Now there’s your Choprawoo. Here’s some more that Chopra used recently to sell something he calls a HumaGram™:
HumaGrams are life-size photo-realistic digital representations of people, projected using ARHT’s patent-pending Augmented Reality Holographic Technology, capable of eliminating time and geography by allowing a speaker to appear in front of an audience as a hologram in real-time for a two-way interaction, without having the need to physically be there.
With the advent of HumaGrams in the health and wellness space, individuals can now be beamed into virtually any location around the world using the public Internet, and can interact with multiple audiences in multiple locations in real-time opening up endless boundaries for greater engagement and collaboration. The use of this technology will bring the insights of key thought leaders to the masses while fusing the online with the offline. Jiyo users will be able to access a schedule of lectures, meditations, and workshops around the world where a HumaGram of these experts will be available to interact with them.
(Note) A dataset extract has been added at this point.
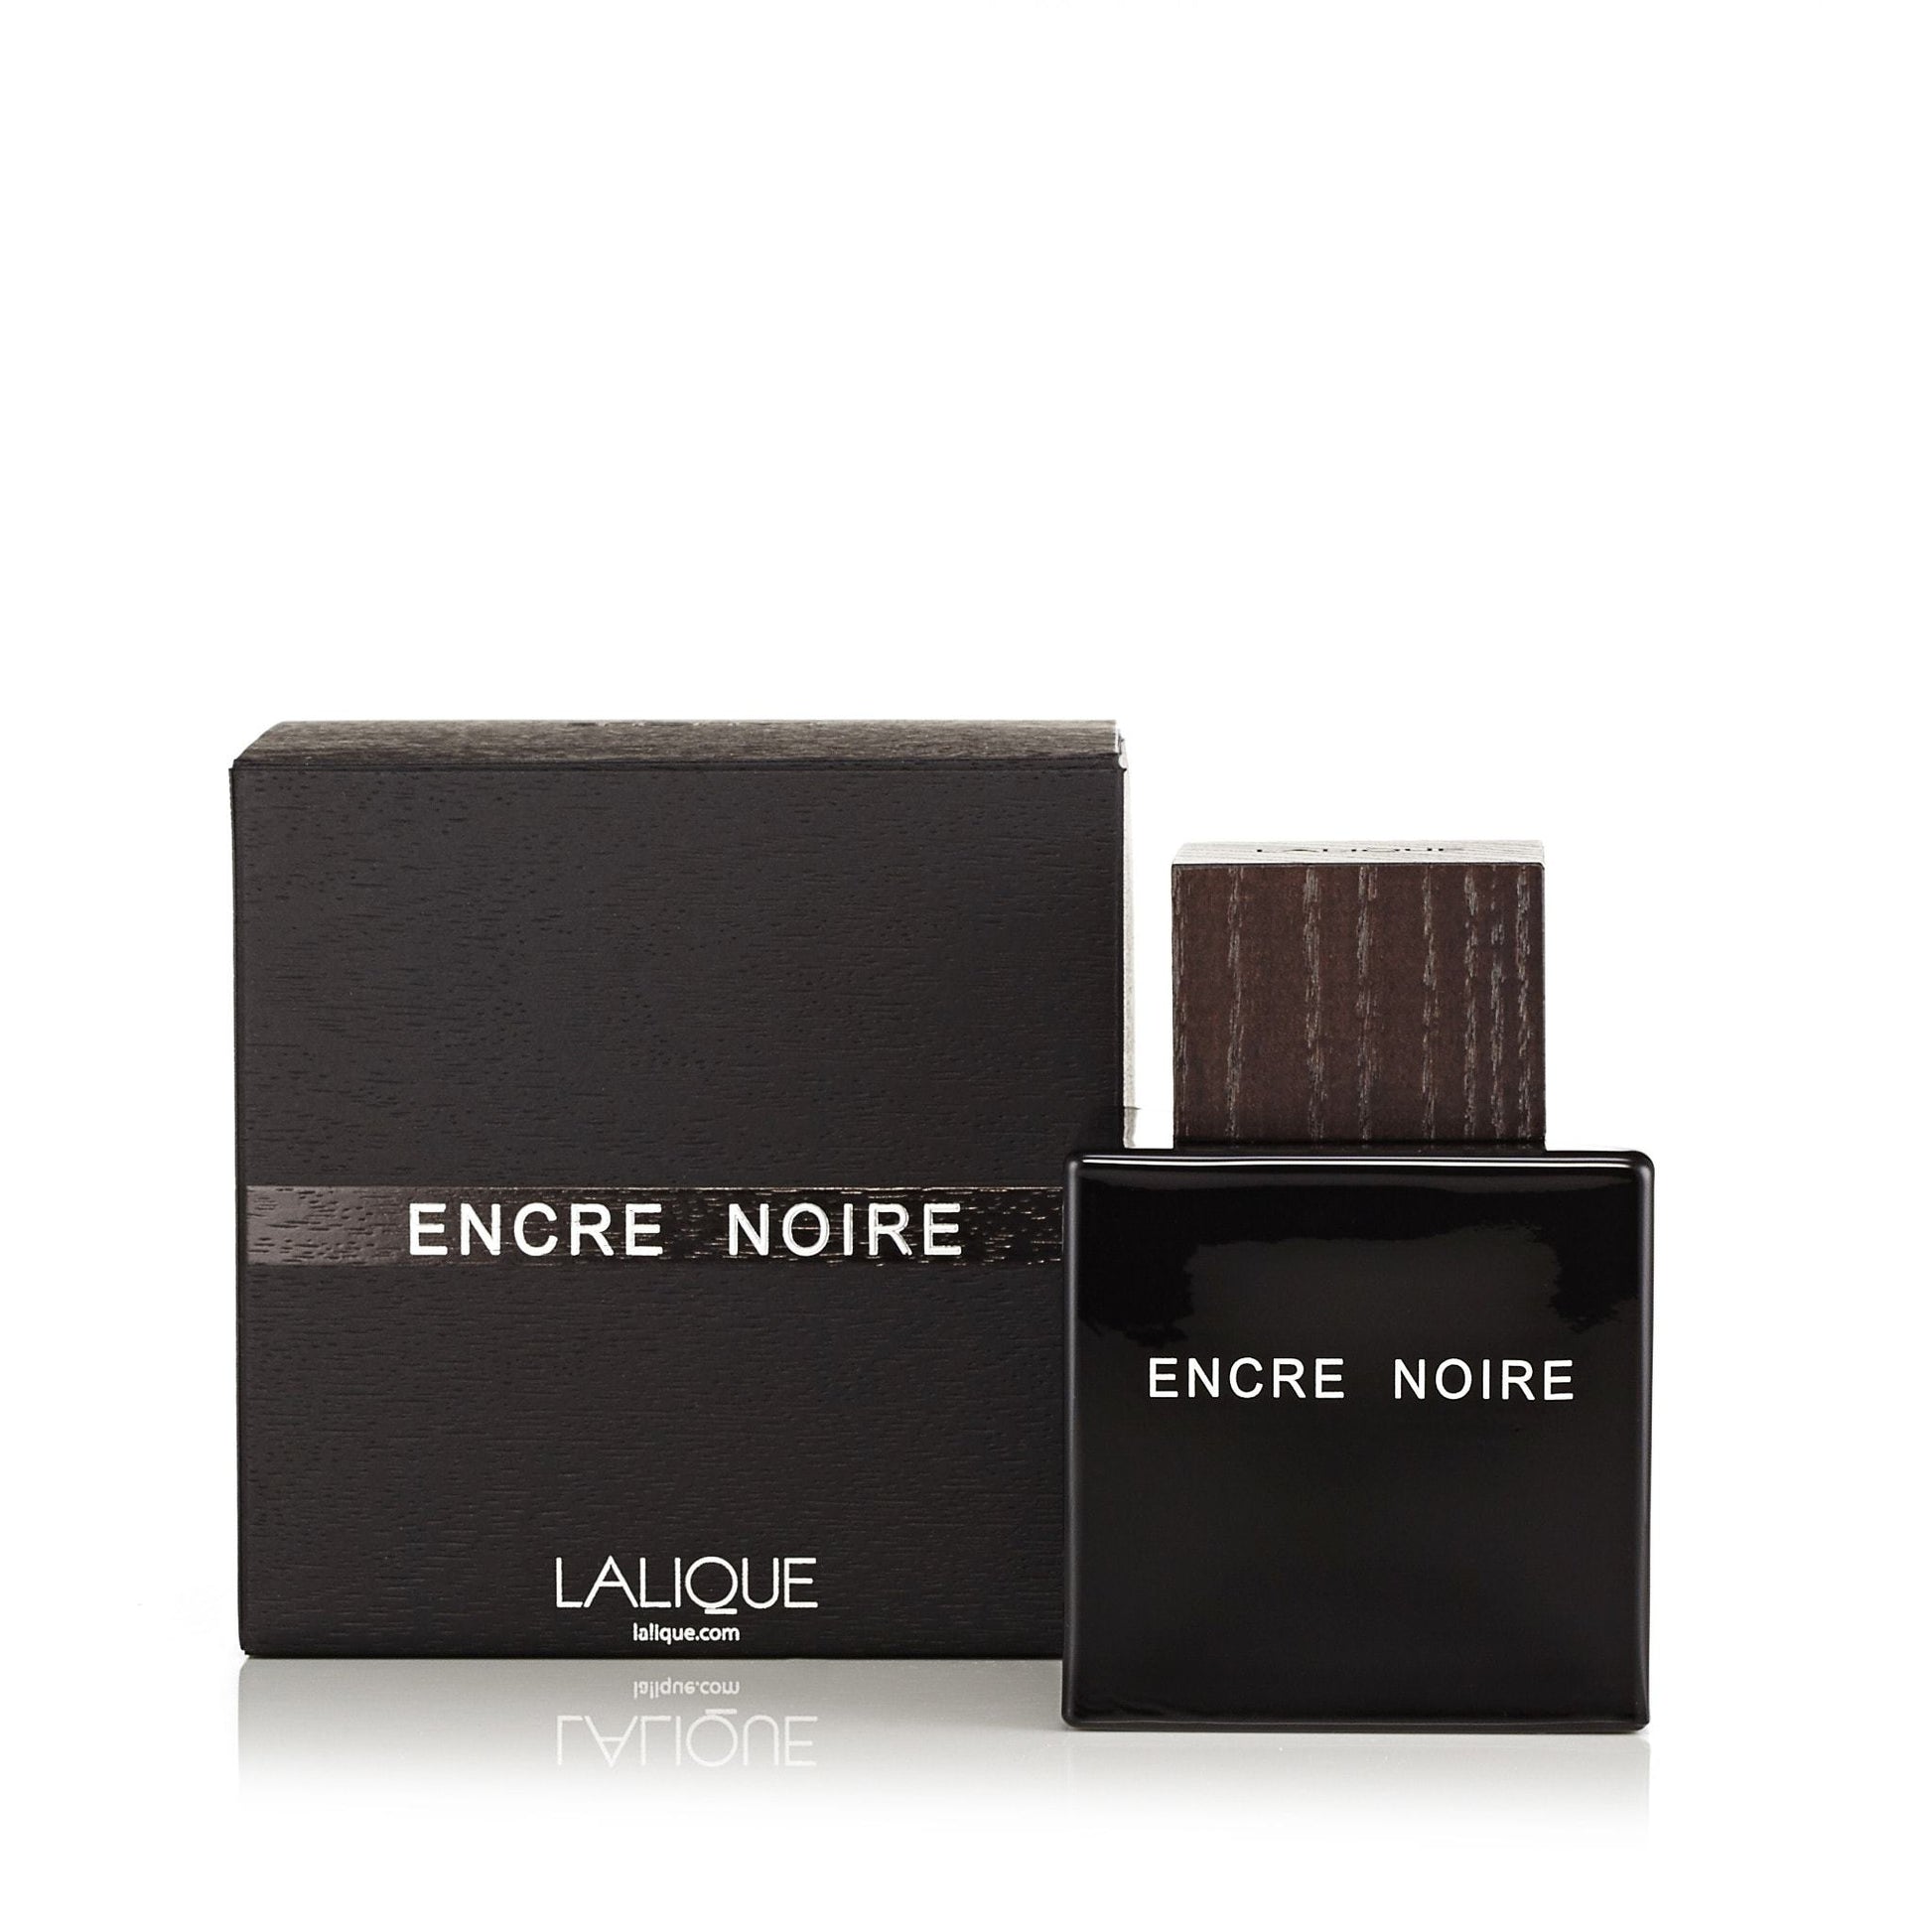 Encre Noire Eau de Toilette Spray for Men by Lalique, Product image 2

I was only disappointed that Chopra didn’t invoke quantum physics.
Still, given Chopra’s skill at laying down the world’s most concentrated woo over a long period of time, I’m sure you can see why yet another of my irony meters is lying on the table in a bubbling, quivering pile of molten plastic and wires.
I just had a terrifying thought: What if Donald Trump and Deepak Chopra joined forces? The woo would be YUGE, perhaps so huge that the world couldn’t handle it. I also had another thought. Even though Chopra is correct about Trump’s relationship with reality, he needs to learn to realize that he’s no different. In fact, he’s probably worse.